Average pre-recession annual depreciation trended between 16-18%. Between 2011-2016, average annual depreciation fell between 8.3-13.2%, driven mostly by high demand for used vehicles and low supply levels of in-demand segments such as trucks, crossovers, and SUVs.

Pricing specialist Black Book says it now believes much of the pent-up demand fueling both new and used vehicle sales has been spent, resulting in a rising level of vehicle depreciation expected in 2017.

It also says a continued increase in lease activity along with higher incentives that began in 2016 will increase pressure on residual values.

Black Book forecasts a continual and gradual decline in residuals in the coming years. Currently, a two-year-old vehicle is averaging 52% of its original retail price. This is expected to decline to 48% by 2020.

Black Book expects the market to reach a gradual normalization over the next three years. Ongoing concerns include continuously increasing lease penetration, which leads to residual losses on the returns due to excess supply. Other factors that could affect the market include higher levels of incentives on new vehicles, which pushes down used values, and longer loan terms leading to sustained negative equity.

Anil Goyal, senior vice president of automotive valuation and analytics at Black Book, said: “Increased supplies from trade-ins and lease returns, coupled with a plateau in new sales activity will bring changes that can affect inventory strategies and profit potential.”

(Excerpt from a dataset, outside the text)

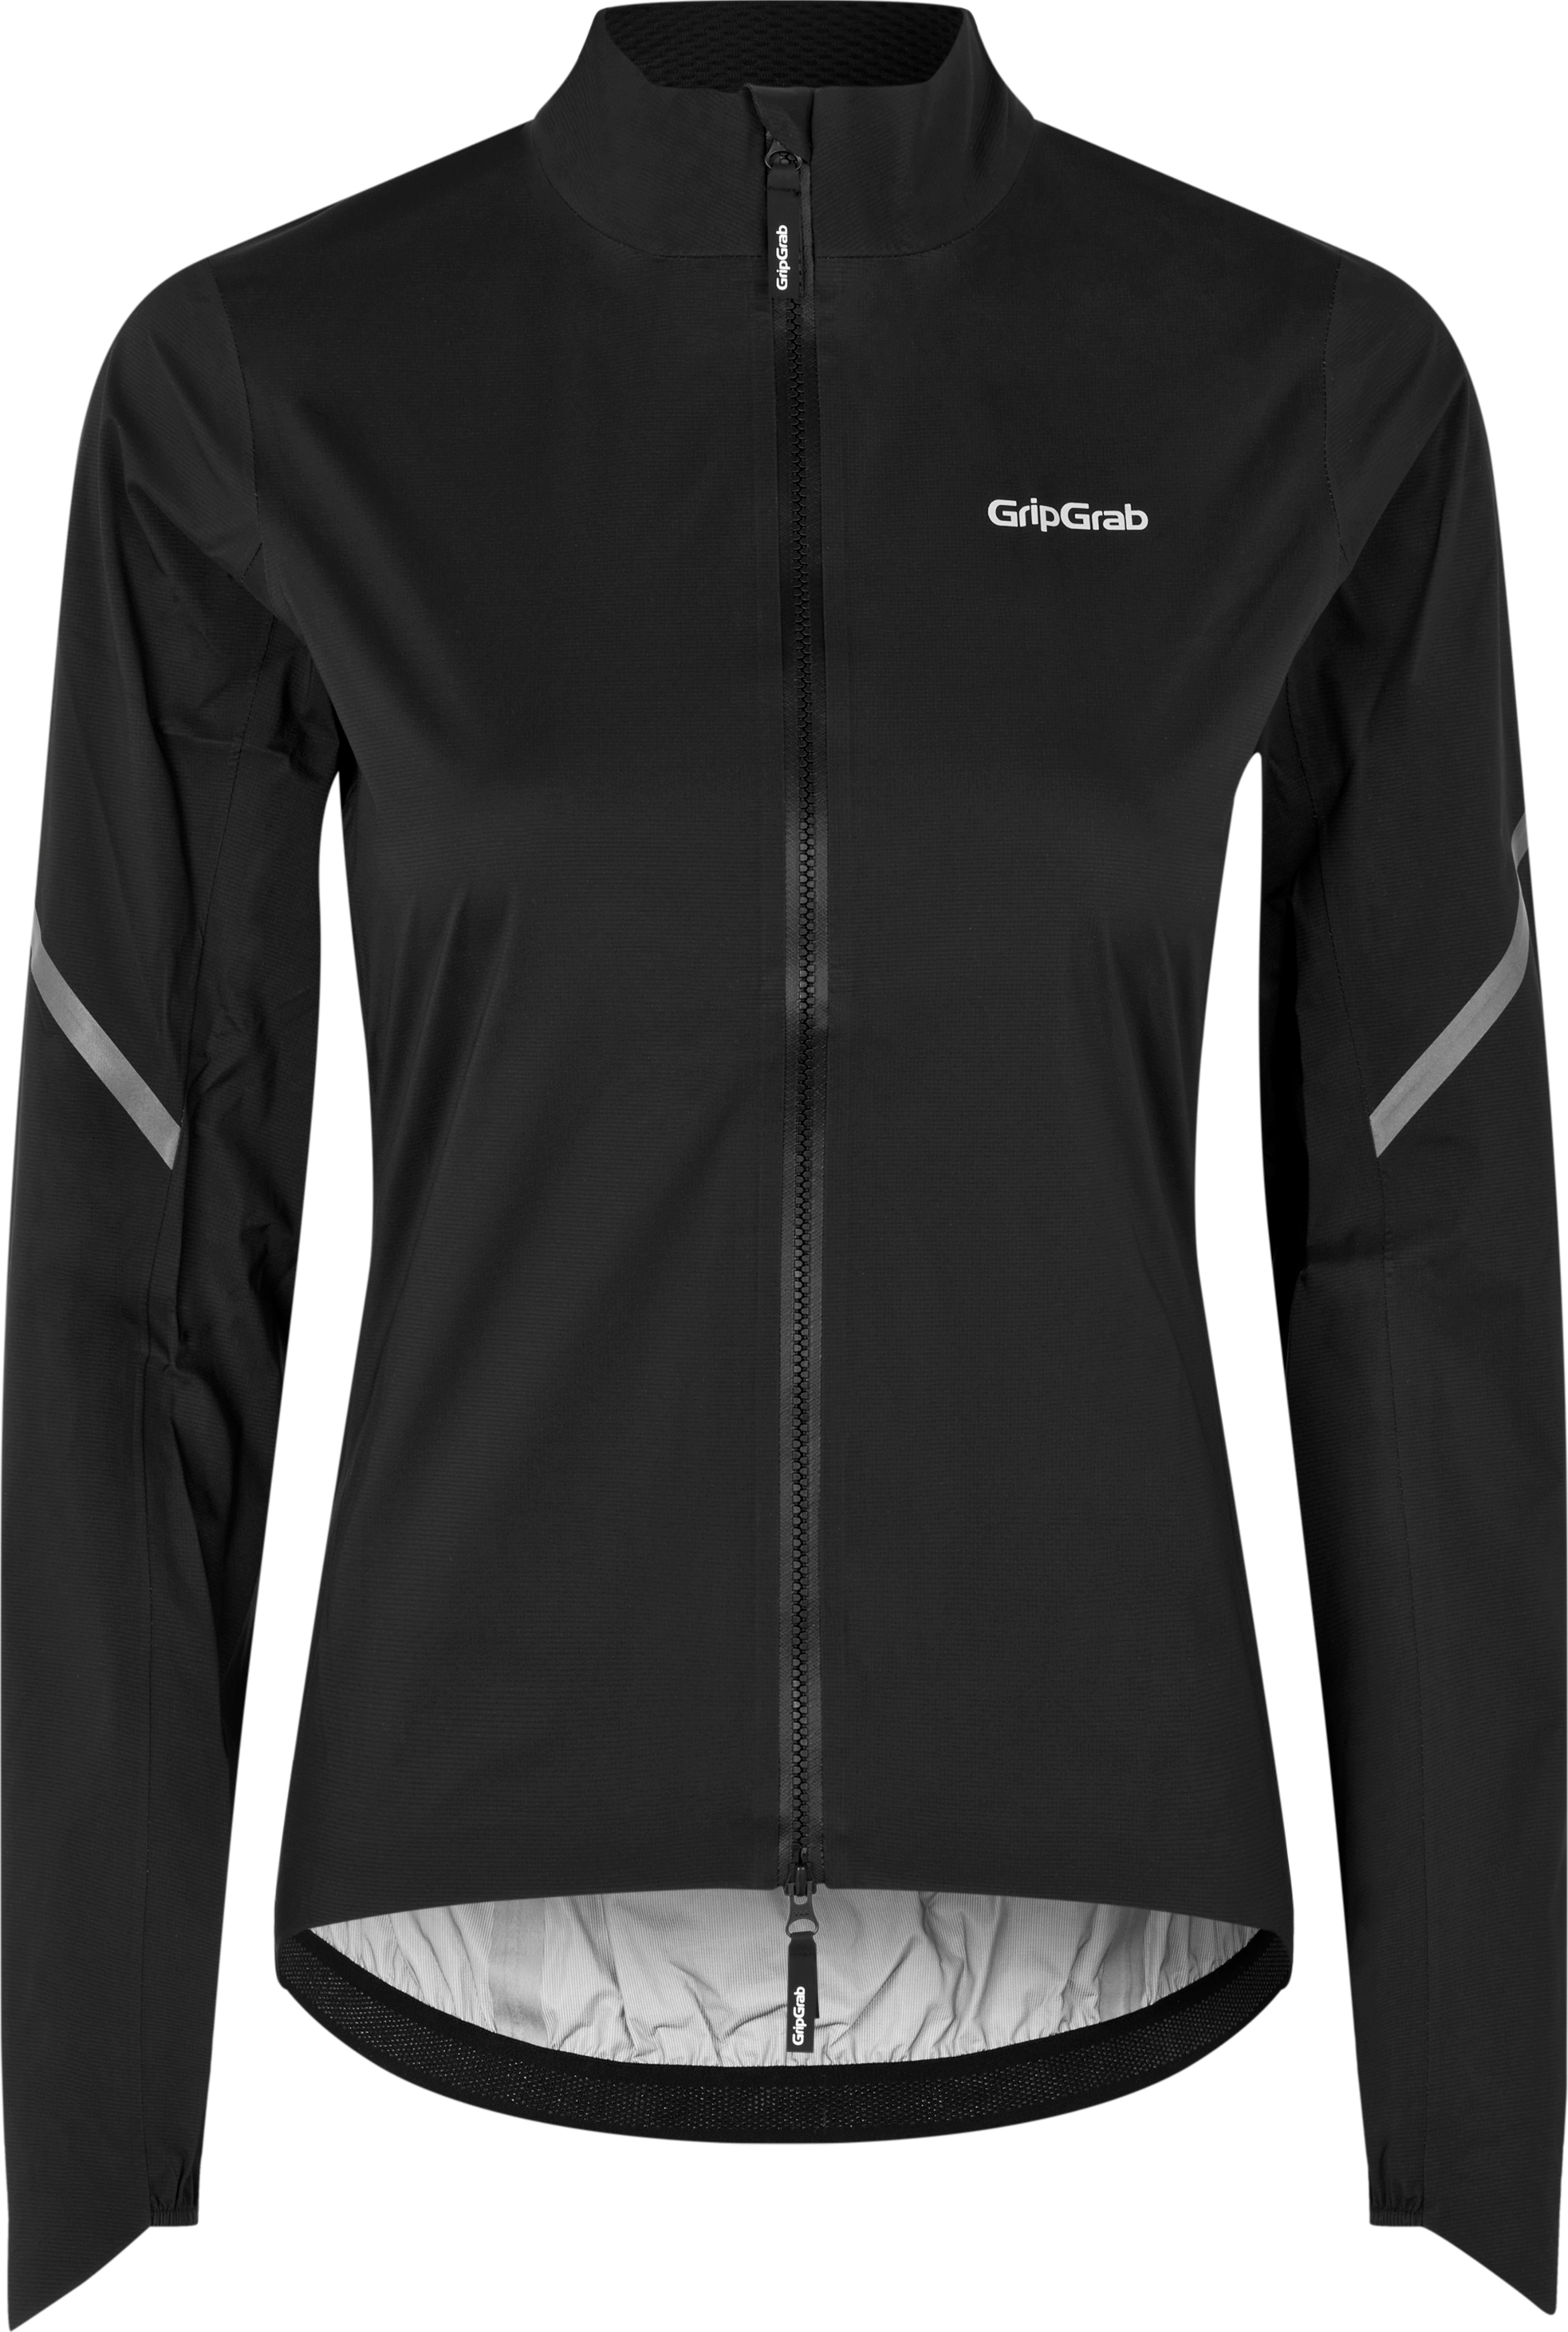 Gripgrab Women’s RainMaster Waterproof Lightweight Jacket Black

Fitch’s analysis of US auto loan asset-backed securities (ABS) shows few major concerns.

Hylton Heard, senior director of Fitch Ratings, said: “Fitch continues to have a positive rating outlook for prime auto loan asset-backed securities in 2017, despite higher losses expected this year.

“Auto ABS asset performance will continue to slow in 2017 as losses slowly rise to normalized levels similar to 2004-2006. Additionally, depreciation rates will creep up and recovery rates dip, which will drive loss severity and contribute to rising losses.”